The Major grew purple; the Colonel carefully remeasured the largest fish.
“Twenty-one inches, steward!” he said. “Wasn’t my big fish of last Thursday twenty-two?”
“Nineteen, sir,” said the steward, promptly.
“Then it shrank like the devil!” said the Colonel. “By gad! it must have shrunk in the creel!”
But Langham was in no mood to savor his triumph. He climbed the stairs wearily, leaving little puddles of water on each step, slopped down the hallway, entered his room, and sank into a chair, too weary, too sad even to think.
Presently he lighted his lamp. He dressed with his usual attention to detail, and touched the electric button above his bed.
“I’m going to-morrow morning,” he said to the servant who came; “return in an hour and pack my traps.”
Langham sat down. He had no inclination for dinner. With his chin propped on his clinched hands he sat there thinking. A sound fell on his ear, the closing of a door at the end of the hall, the padded pattering of a dog’s feet, a scratching, a whine.
He opened his door; the bull-terrier trotted in and stood before him in silence. His Highness held in his mouth a letter.
Langham took the note with hands that shook. He could scarcely steady them to open the envelope; he could scarcely see to read the line:
“Why are you going away?”
He rose, made his way to his desk like a blind man, and wrote,
“Because I love you.”
His Highness bore the missive away.
For an hour he sat there in the lamp-lit room. The servant came to pack up for him, but he sent the man back, saying that he might change his mind. Then he resumed his waiting, his head buried in his hands. At last, when he could endure the silence no longer, he rose and walked the floor, backward, forward, pausing breathless to listen for the patter of the dog’s feet in the hall. But no sound came; he stole to the door and listened, then stepped into the hall. The light still burned in her room, streaming out through the transom.

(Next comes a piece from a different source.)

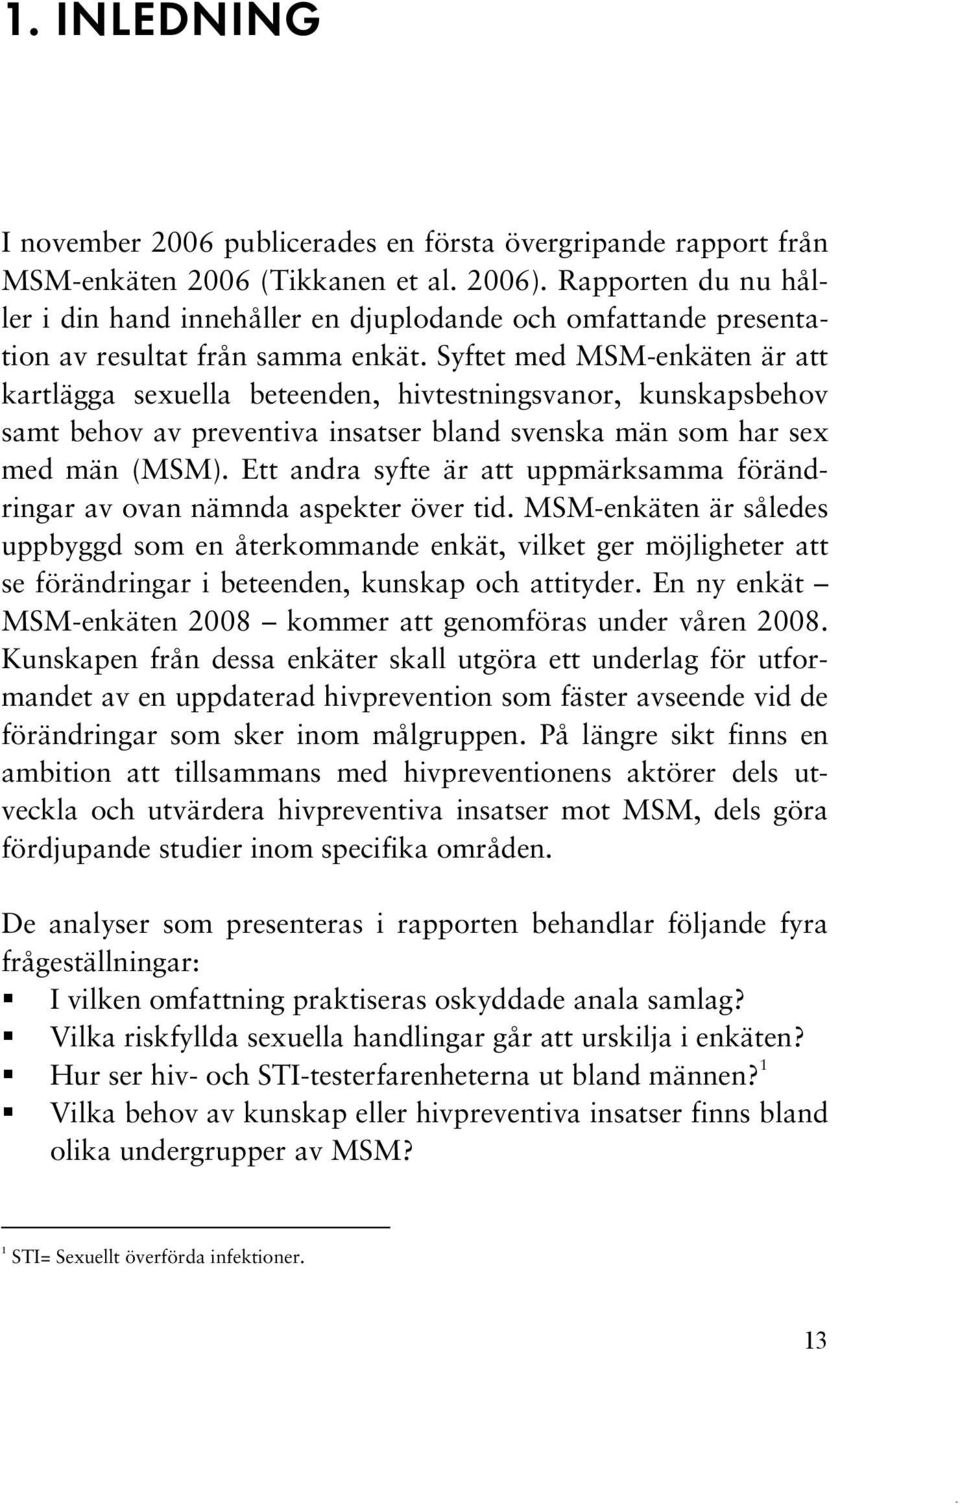 Syftet med MSM-enkäten är att kartlägga sexuella beteenden, hivtestningsvanor, kunskapsbehov samt behov av preventiva insatser bland svenska män som har sex med män (MSM).
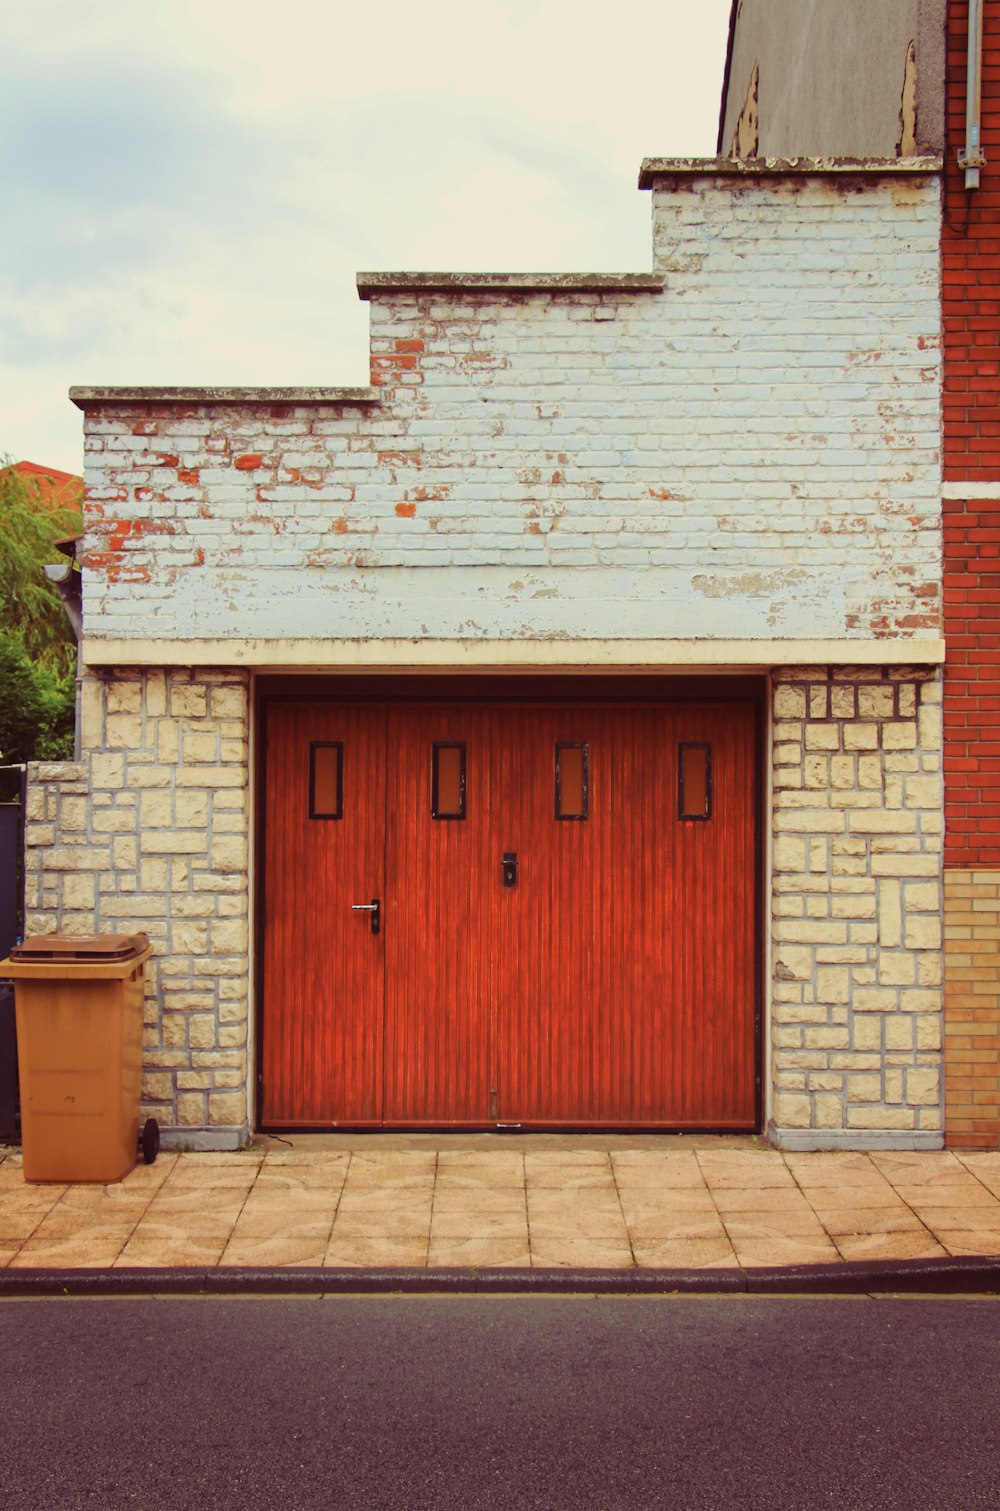 赤いドアとゴミ箱のあるレンガ造りの建物

She would never send another message to him by His Highness; he understood that now. How he cursed himself for his momentary delusion! how he scorned himself for reading anything but friendly kindness in her message! how he burned with self-contempt for his raw, brutal reply, crude as the blurted offer of a yokel!
That settled the matter. If he had any decency left, he must never offend her eyes again. How could he have hoped? How could he have done it? Here, too!—here in this place so sanctified to her by associations—here, whither she had come upon her pious pilgrimage—here, where at least he might have left her to her dead!
Suddenly, as he stood there, her door opened. She saw him standing there. For a full minute they faced each other. Presently His Highness emerged from behind his mistress and trotted out into the hall.
Behind His Highness came his mistress, slowly, more slowly. The dog carefully held a letter between his teeth, and when Langham saw it he sprang forward eagerly.